The present invention further relates to a processing arrangement which comprises: a processor adapted to process photographic material; a solution supply system adapted to supply washing solution to at least processed photographic material in the processor in a sequence in which at least a first volume of washing solution is applied during at least one first washing stage and a second volume of washing solution is applied during at least one second washing stage, with the second volume of washing solution being greater than the first volume of washing solution; and a cleaning assembly adapted to clean the second volume of washing solution after the at least one second washing stage.

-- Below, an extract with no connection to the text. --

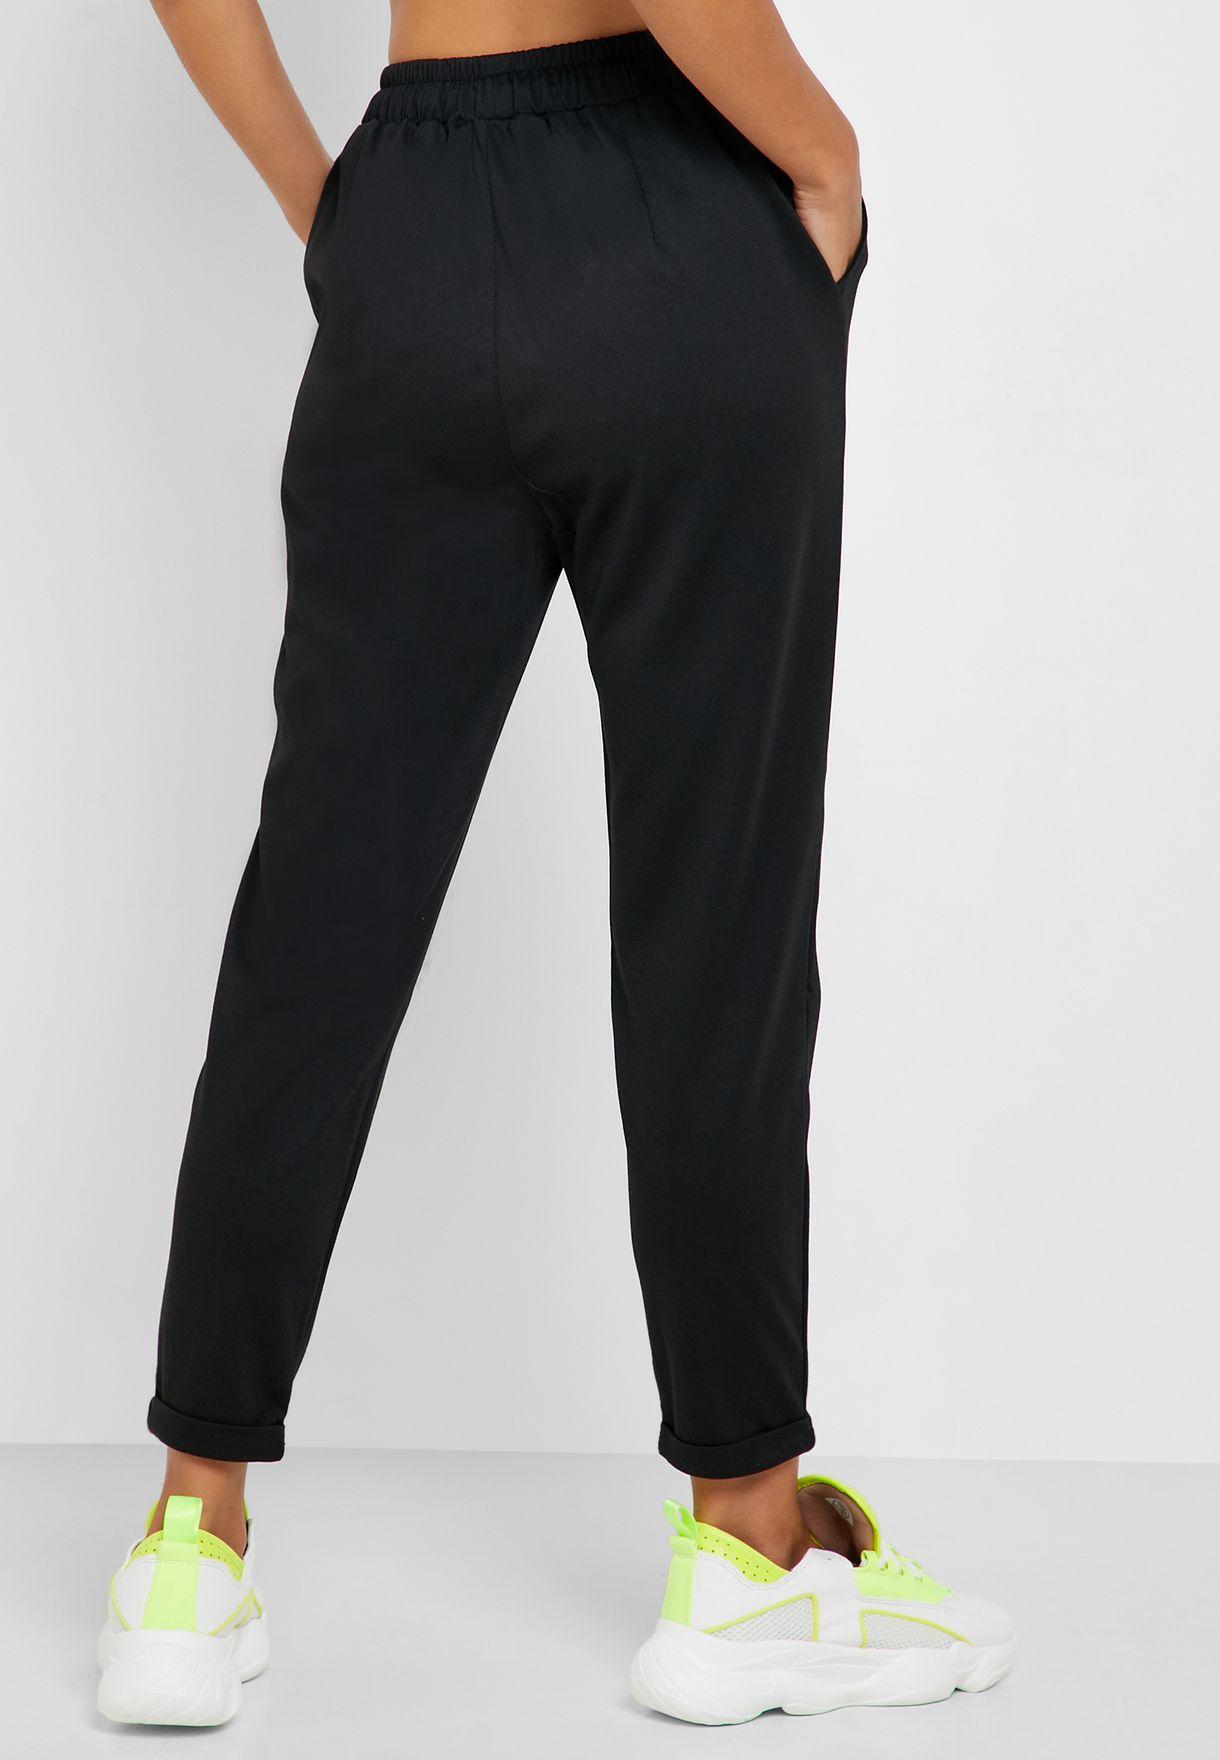 Pintuck Sweatpants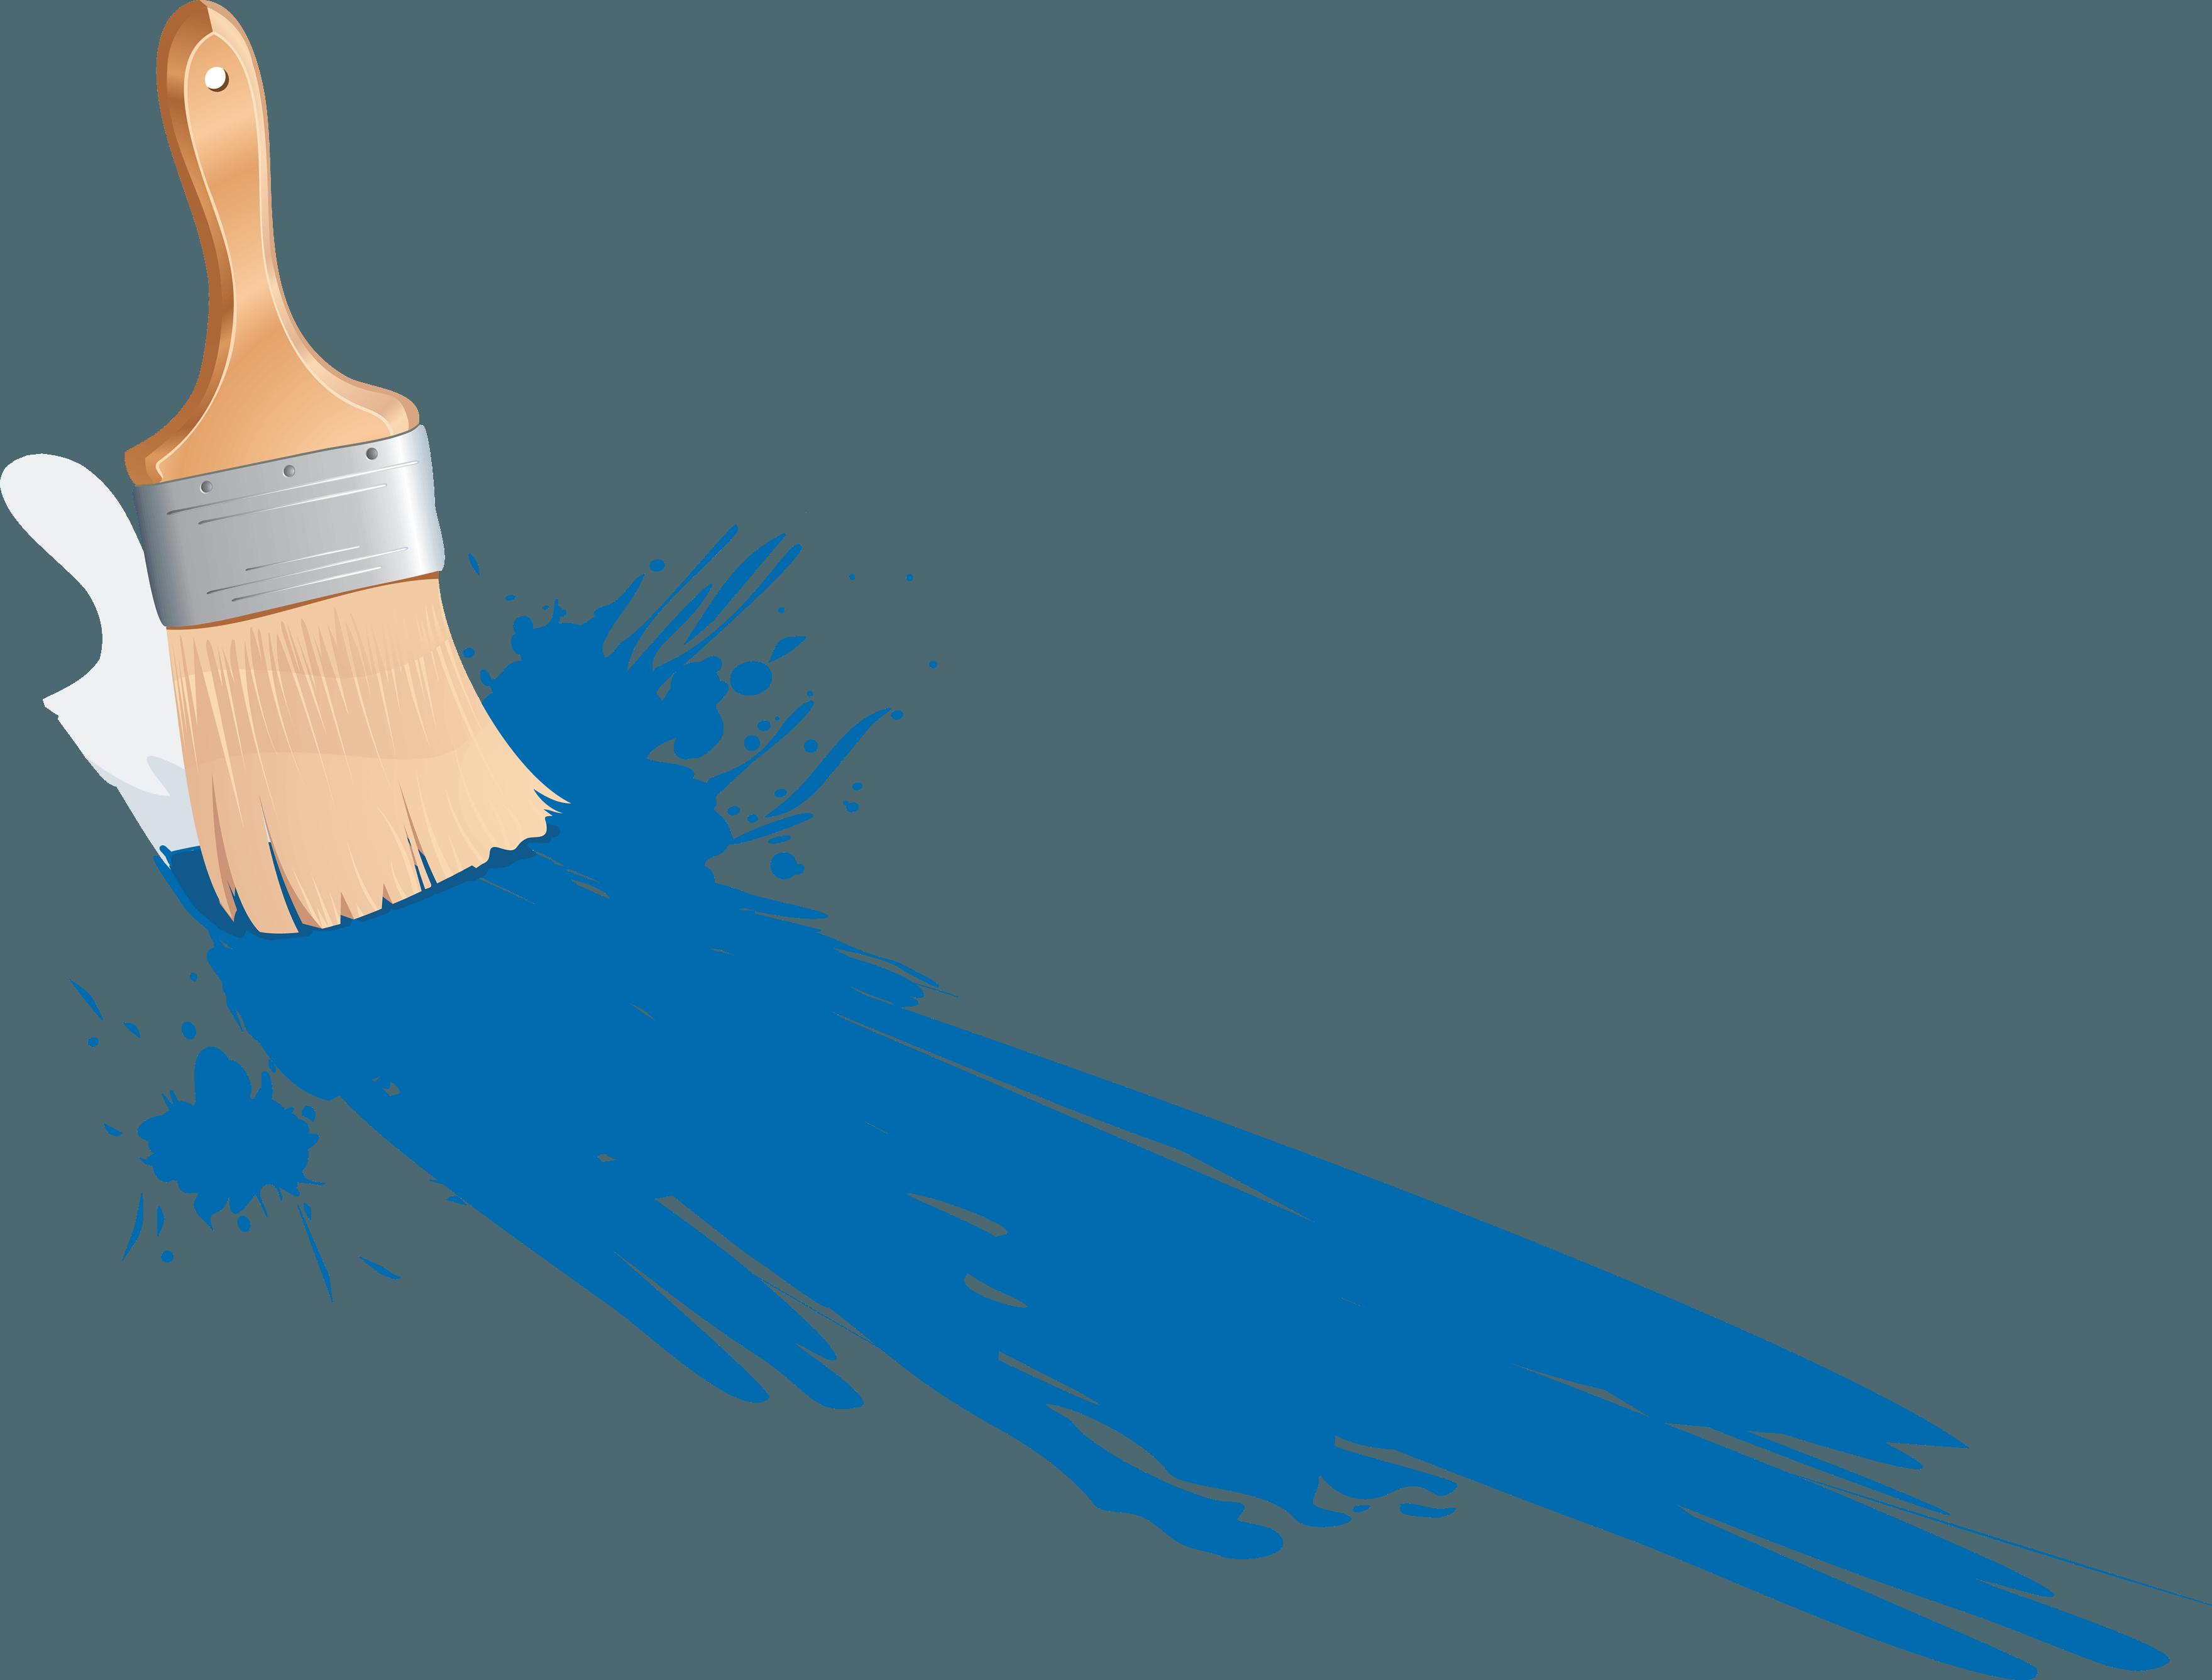 Brush Microsoft Paint Paint.net Layers.

FIG. 1 schematically illustrates a processing arrangement in accordance with the present invention, and
FIG. 2 shows a graph which illustrates a rate of removal of thiosulfate.
In single-use photographic processing it is desired to process photographic material, such as negative film, with very small volumes of processing solutions which can be discarded. In order to do this efficiently in washing steps and to achieve thoroughly washed film, a multitude of wash stages each of small volume may be used. This method of washing is called “SSV” for “Small Sequential Volumes”. This method is complicated and time consuming. The present invention uses a larger volume of wash water to quickly and efficiently wash the film. The total volume is much larger than that used for the SSV method and is too large to be disposed of. In the practice of the invention, this larger volume of wash water is treated to remove chemical contaminants by some suitable means and recovered to re-use it to process more photographic material. This allows the overall volume of water in the processor to be kept low while allowing rapid and effective washing. The waste volume from the processor is also significantly reduced. This method is described as “FMR” for “Flooded Mode Recovered”.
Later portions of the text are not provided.